Elevated miR-190b expression in the colon (A) and jejunum (B) during SIV infection compared to uninfected normal controls and non-SIV-infected macaques with diarrhea (indicated as Colitis). Note the absence of miR-190b upregulation in non-SIV-infected macaques with diarrhea and colitis suggesting that upregulation of miR-190b is not inflammation driven but occurs in response to viral replication (DPI- days post infection). Arrows in colon (A) and jejunum (B) point to two animals [T108 (7DPI) and CG32 (21-29DPI)] that had no detectable SIV in intestinal tissue and where the levels of miR-190b was no different from controls. Data analysis using non-parametric Kruskal-Wallis test revealed differences among groups in both colon (p=0.0002) and jejunum (p<0.0001). Asterisks (* = p<0.05, ** = p<0.01) indicate groups that showed statistical significance compared to uninfected controls following Dunn's multiple groups comparison test. The error bars represent standard error of mean fold change within each group.

FIGURE 4.

Correlation of miR-190b in colon (A) and jejunum (B) with viral loads. A positive statistical (p<0.05) correlation between miR190b and SIV viral load was found in both colon and jejunum.

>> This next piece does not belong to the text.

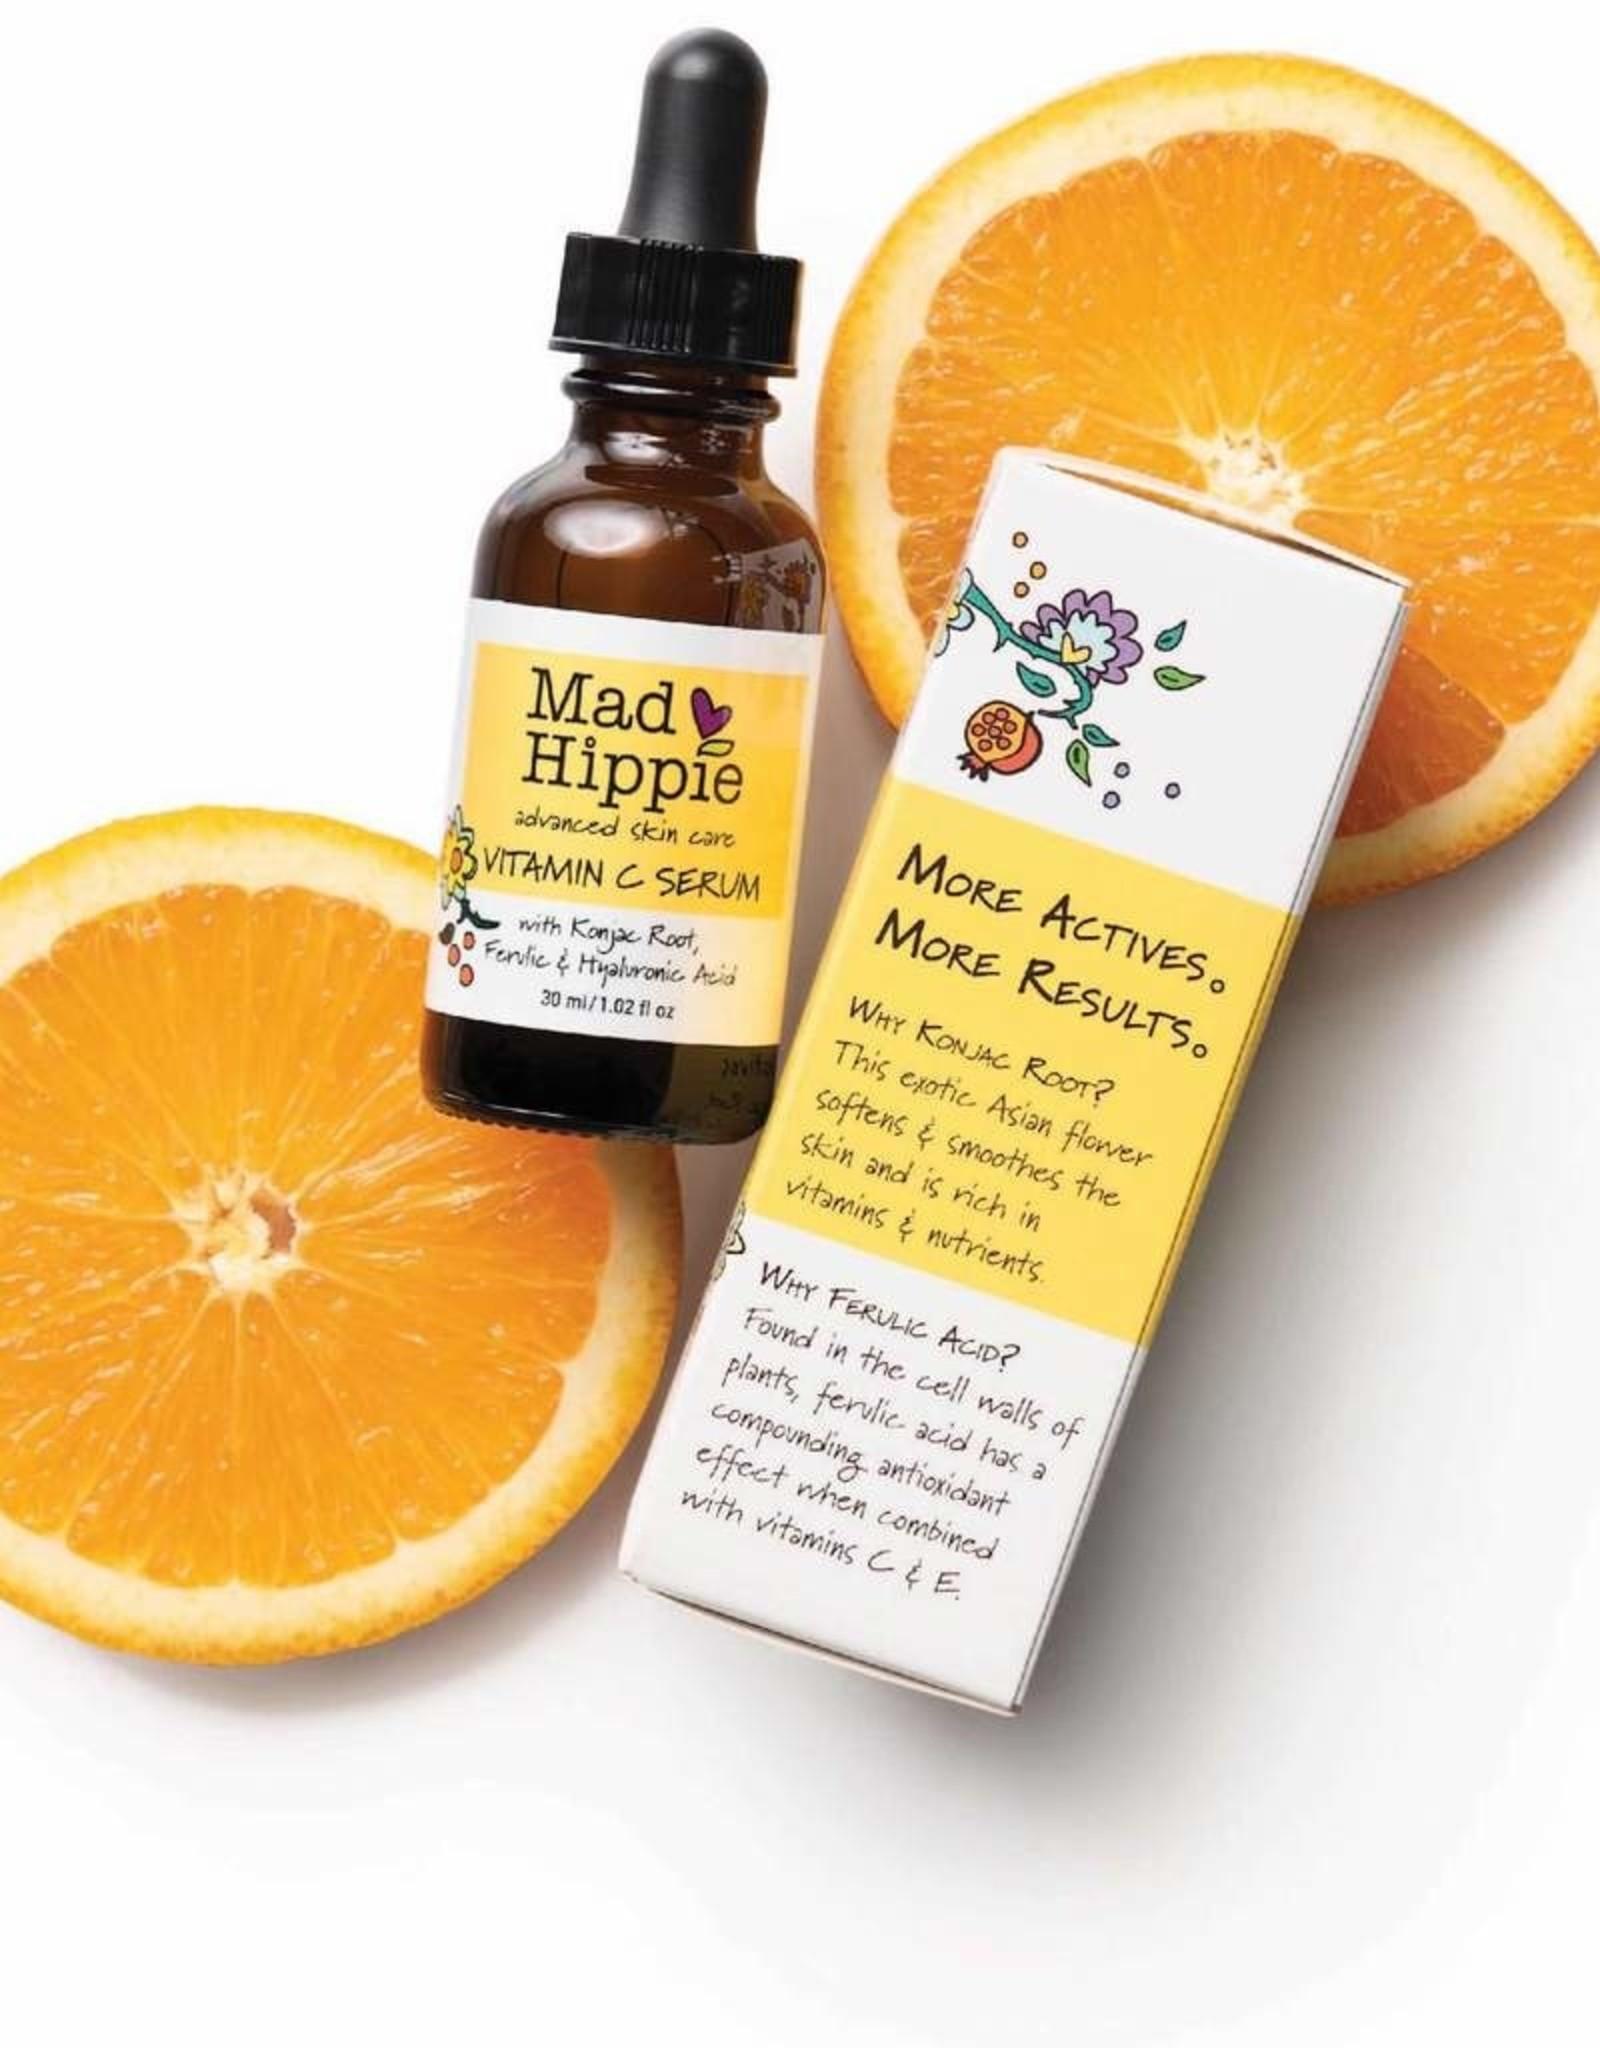 Mad Hippie Vitamin C Serum 30ml

The correlation of miR-190b with increased viral replication in the intestine is supported by the finding that miR-190b expression levels in both colon and jejunum of two macaques with undetectable tissue viral load [T108 (7-8DPI), CG32 (21-29DPI), Table I and arrows in Fig. 3A&B] were no different from uninfected controls. Since miR-190b upregulation in intestine was only detected in macaques with detectable tissue viral load, we next examined the statistical correlation between miR-190b expression levels and intestinal tissue viral load. As shown in figure 4A&B, miR-190b expression levels in colon (r=0.48, p=0.0024) and jejunum (r=0.50, p=0.0017) were positively correlated with viral loads. Finally, the absence of miR-190b upregulation in the intestines of non-SIV-infected macaques with diarrhea and colitis suggests that miR-190b is not a general marker of intestinal inflammation or immune activation as these animals had moderate to severe colitis.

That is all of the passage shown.